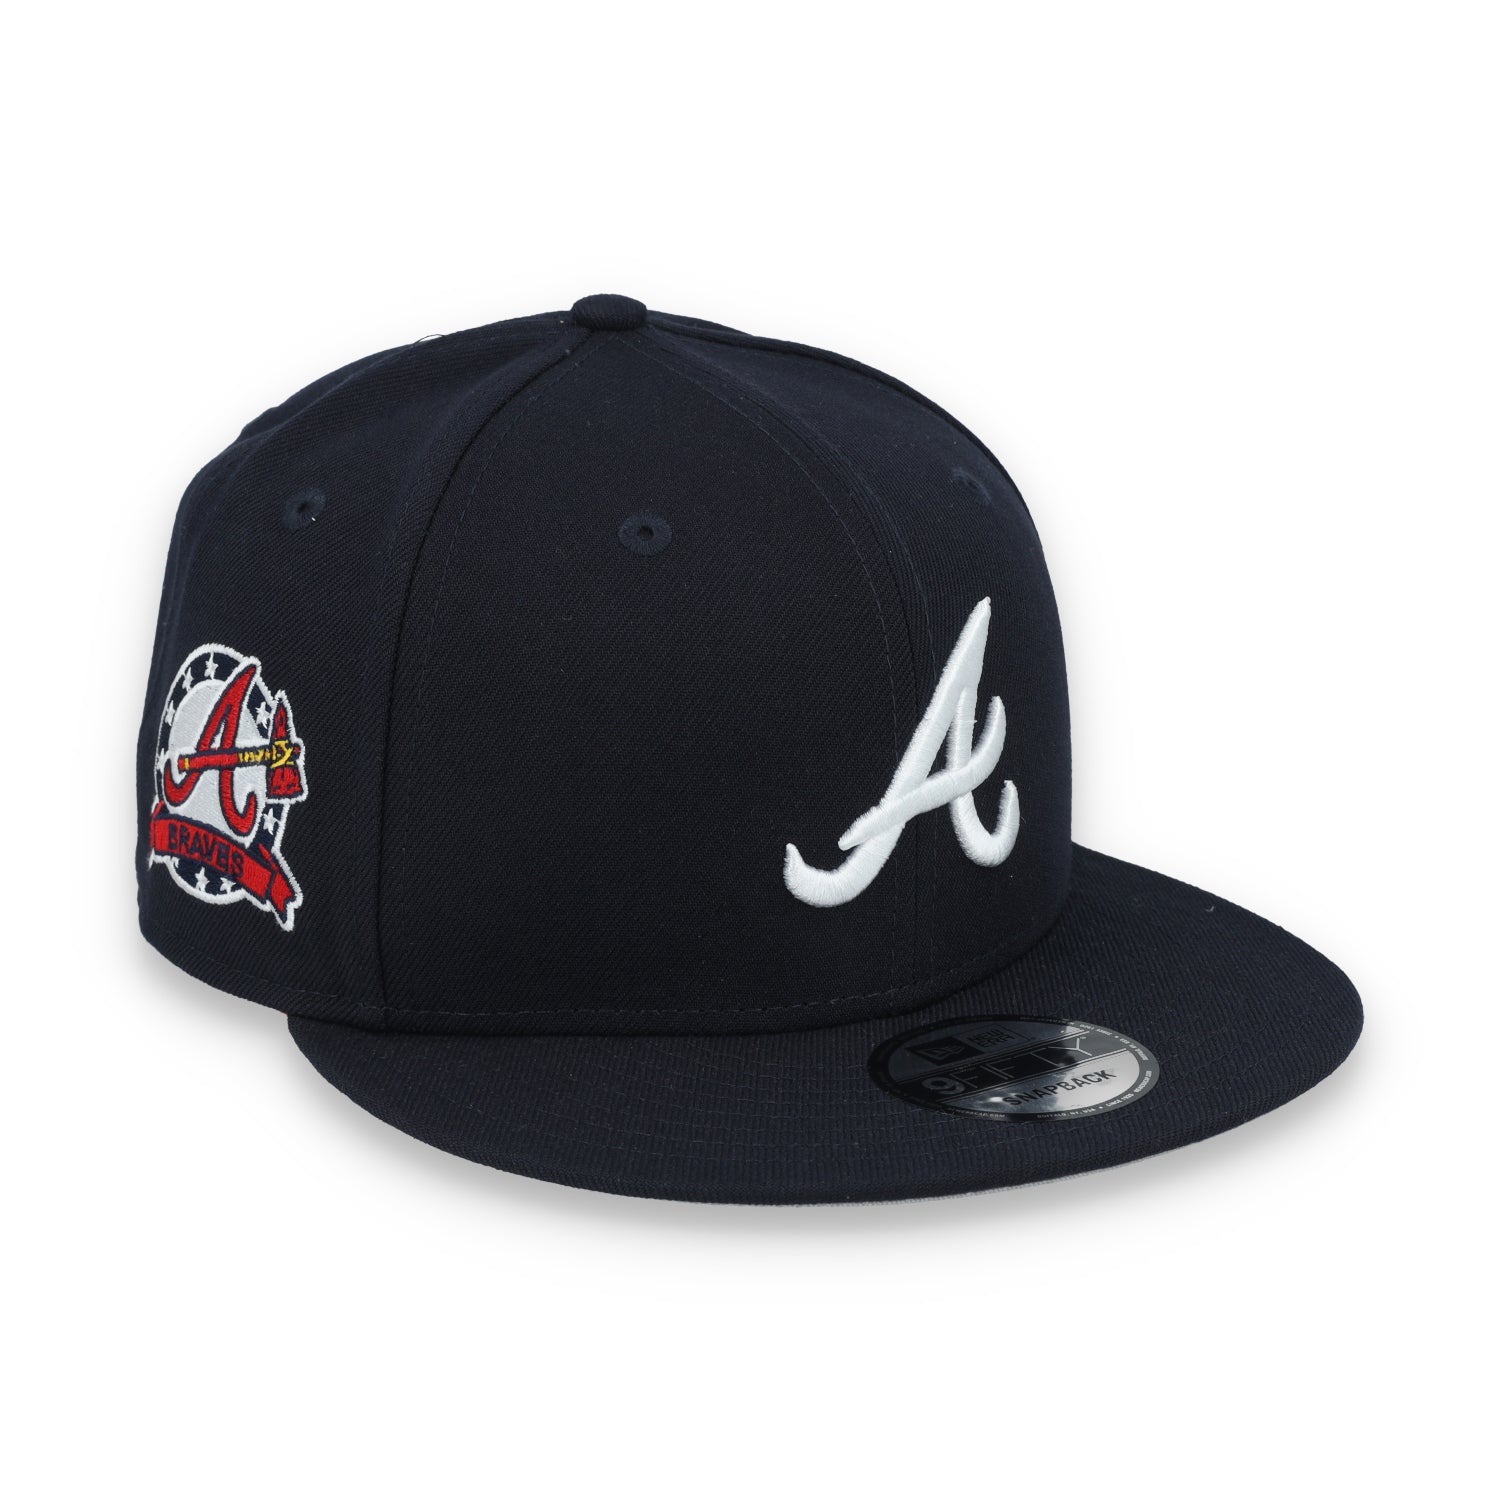 New Era Atlanta Braves Patch E3 9FIFTY Snapback Hat
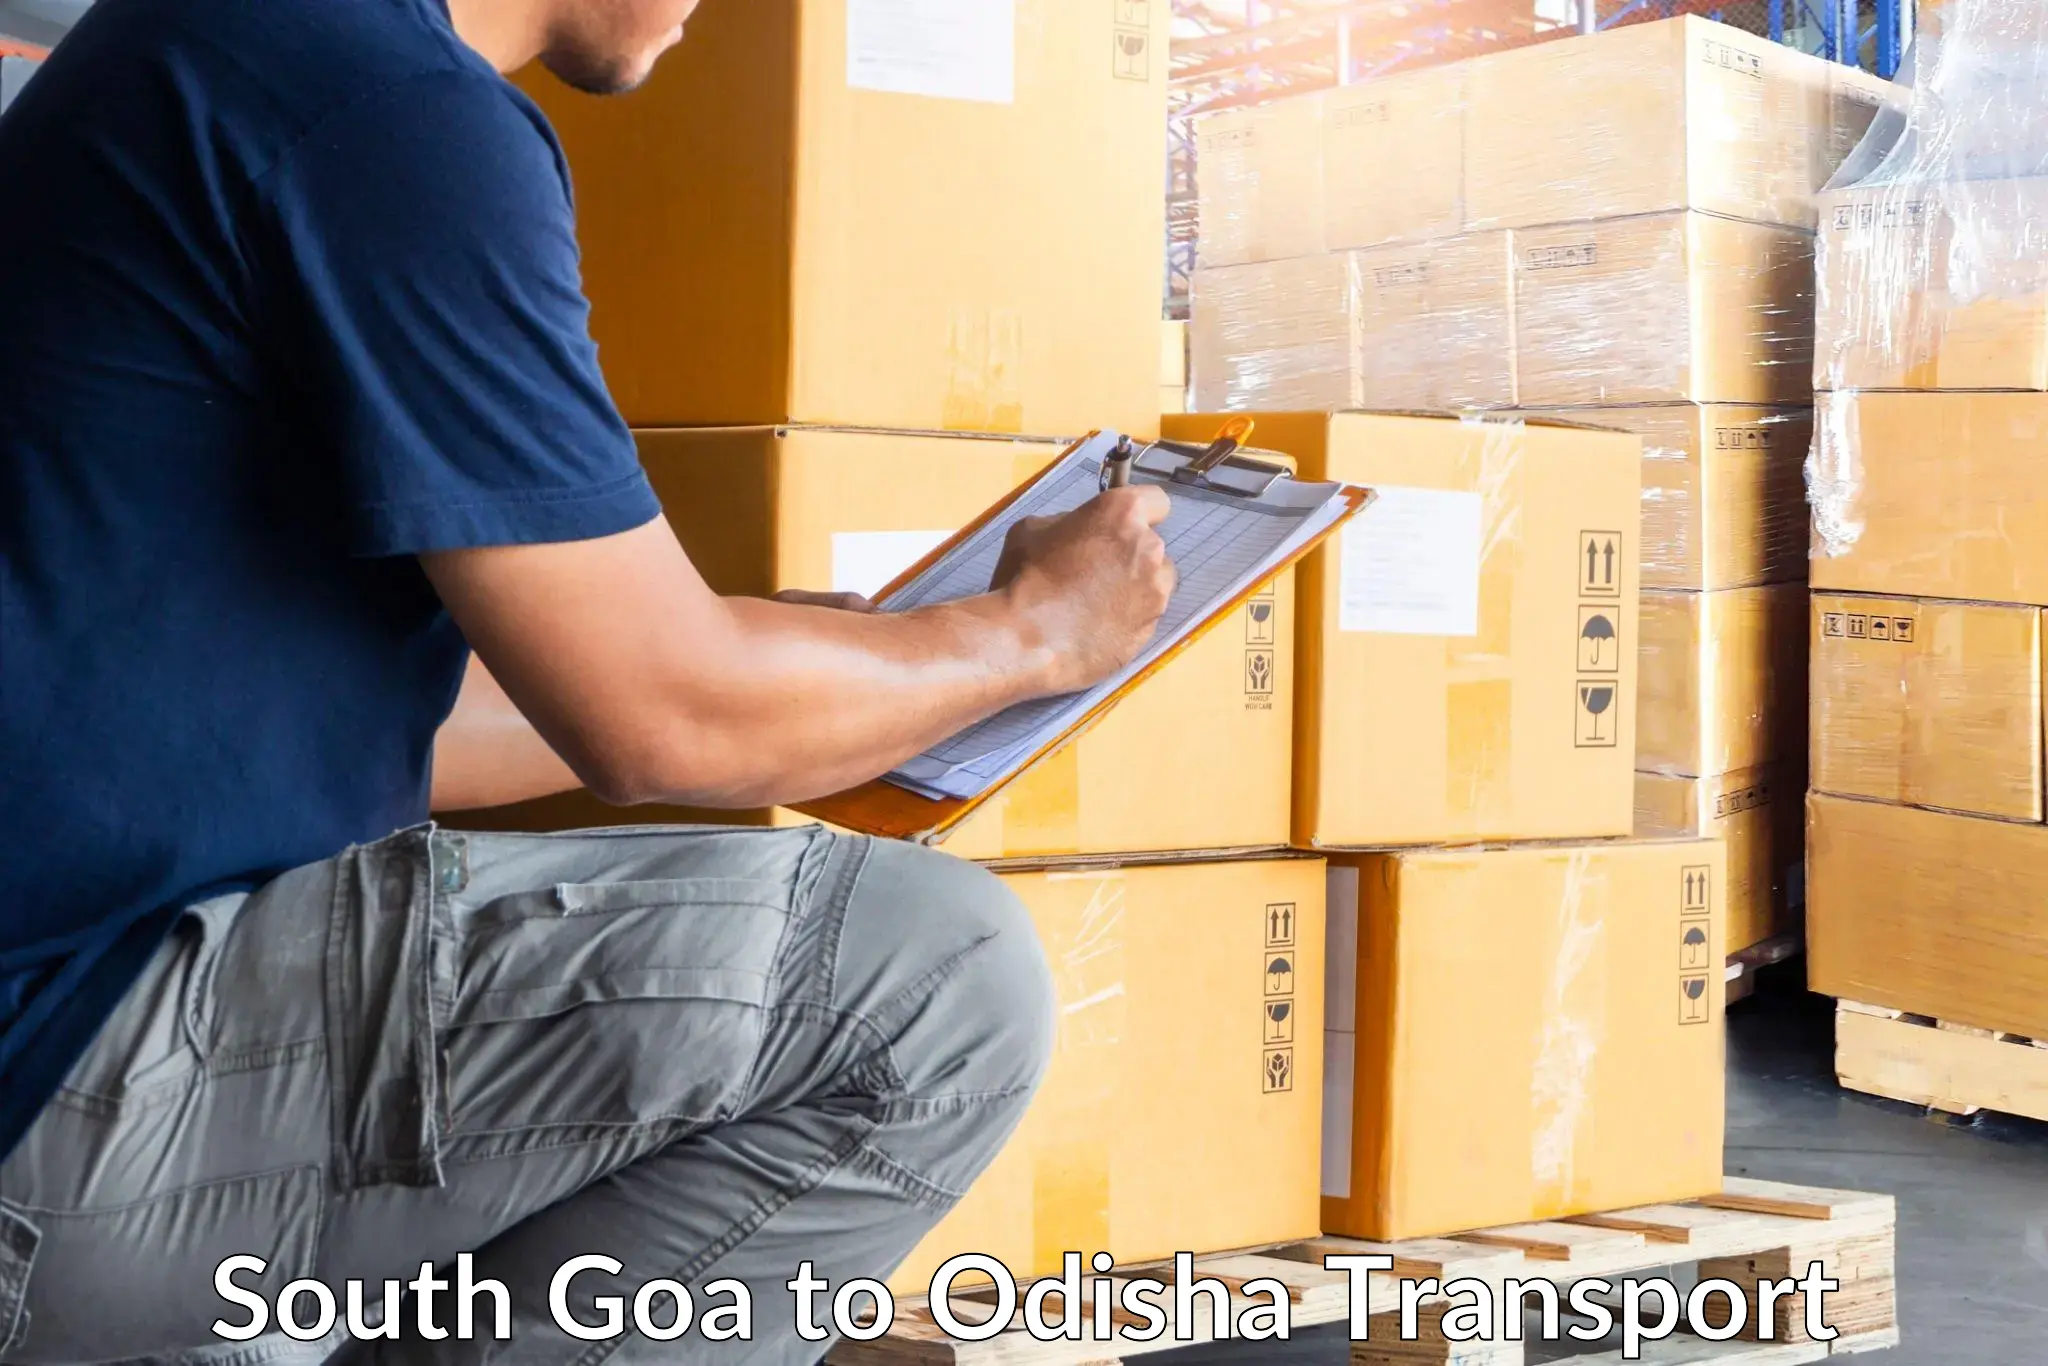 Shipping partner South Goa to Dandisahi
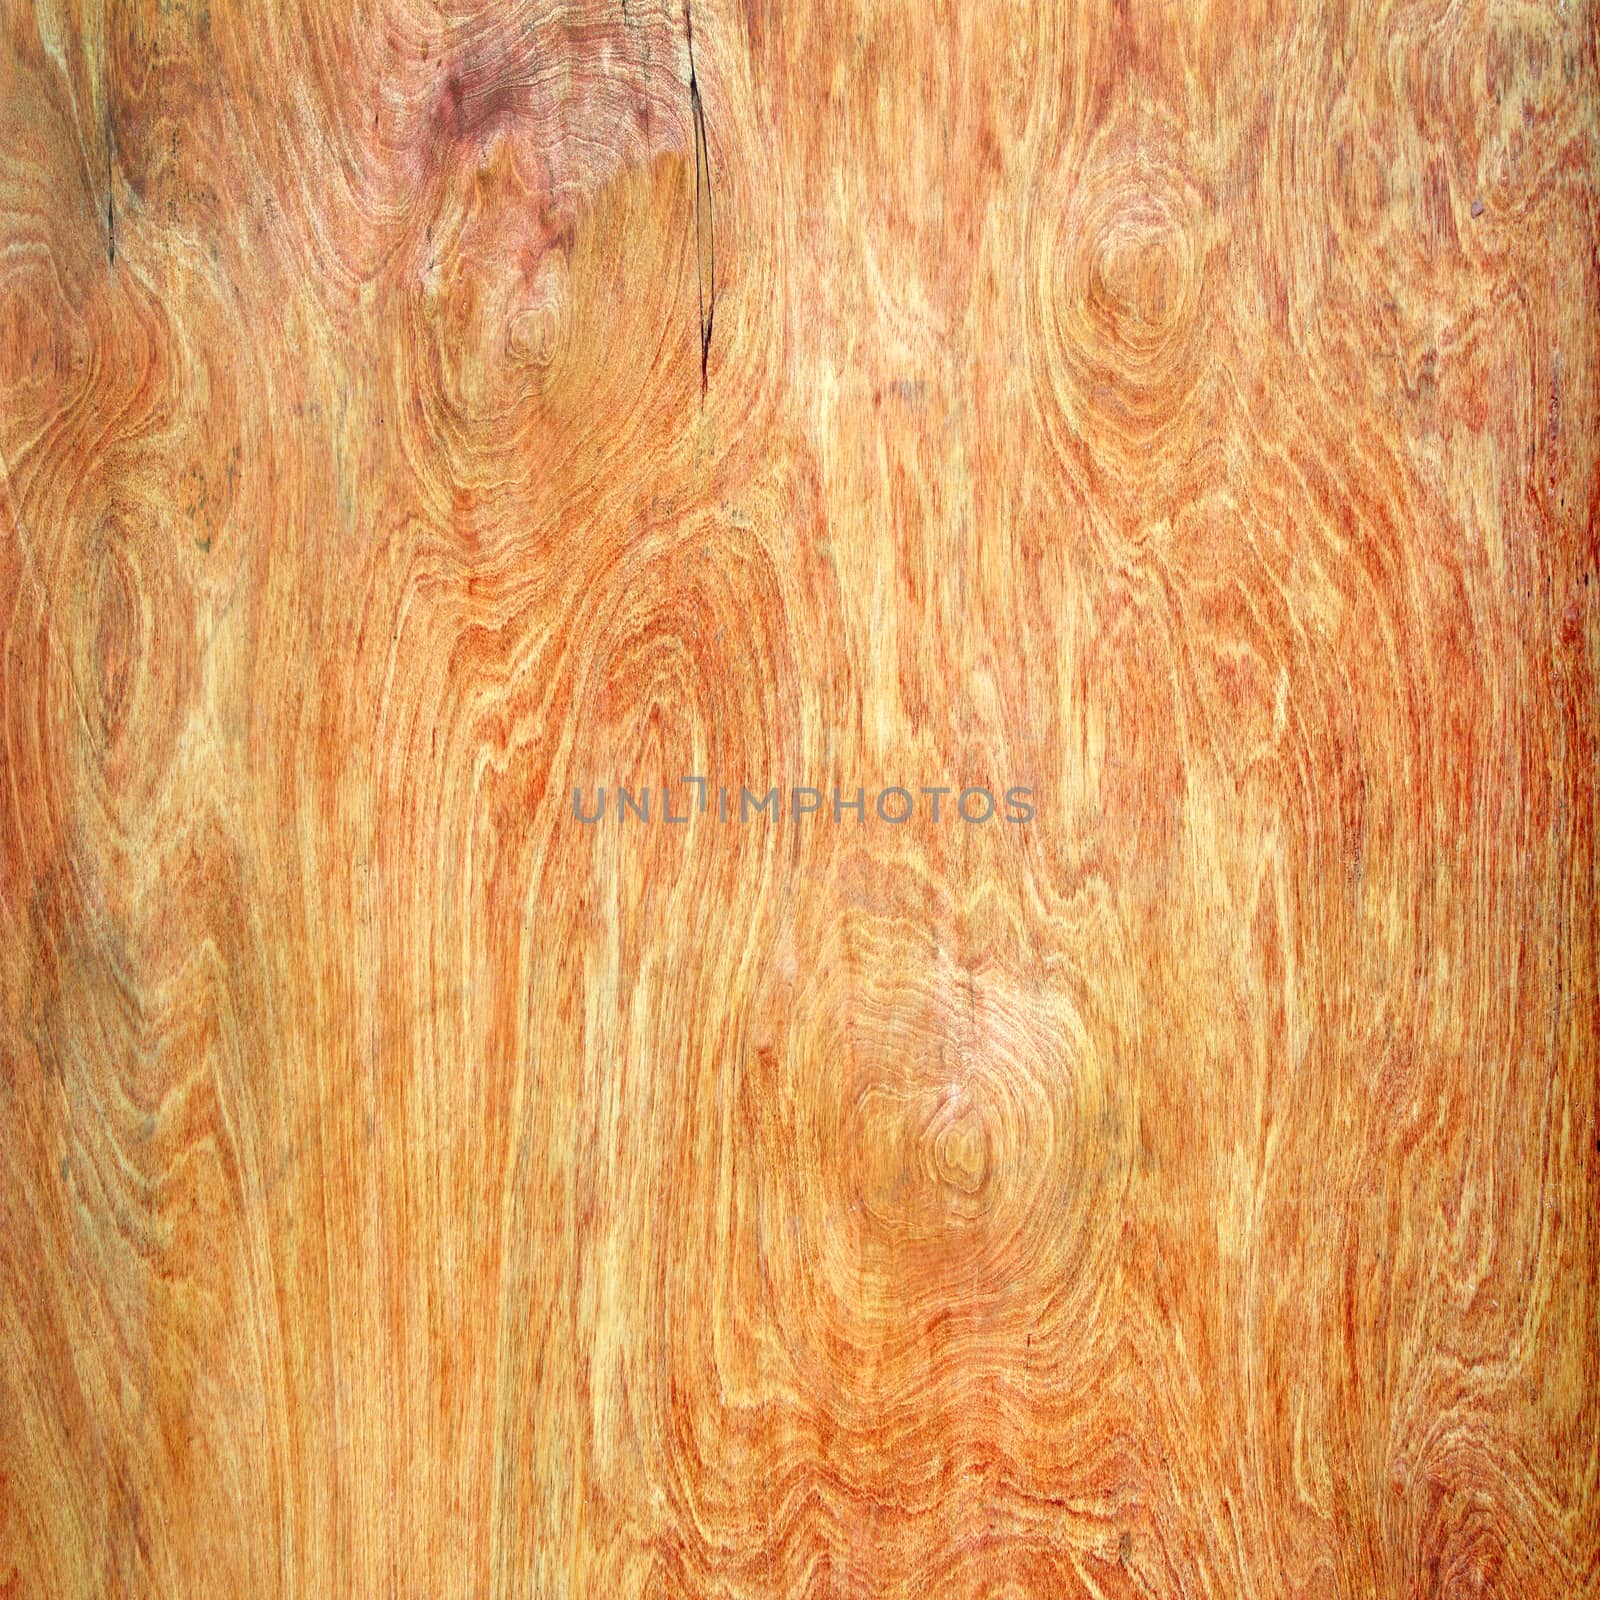 Wood texture by wyoosumran

▶ **What you should do**
Would you retype every line shown above exactly, leaving the pictures aside?

▶ **Output of the exercise**
 New Era Atlanta Braves Patch E3 9FIFTY Snapback Hat
 Shipping partner South Goa to Dandisahi
 Wood texture by wyoosumran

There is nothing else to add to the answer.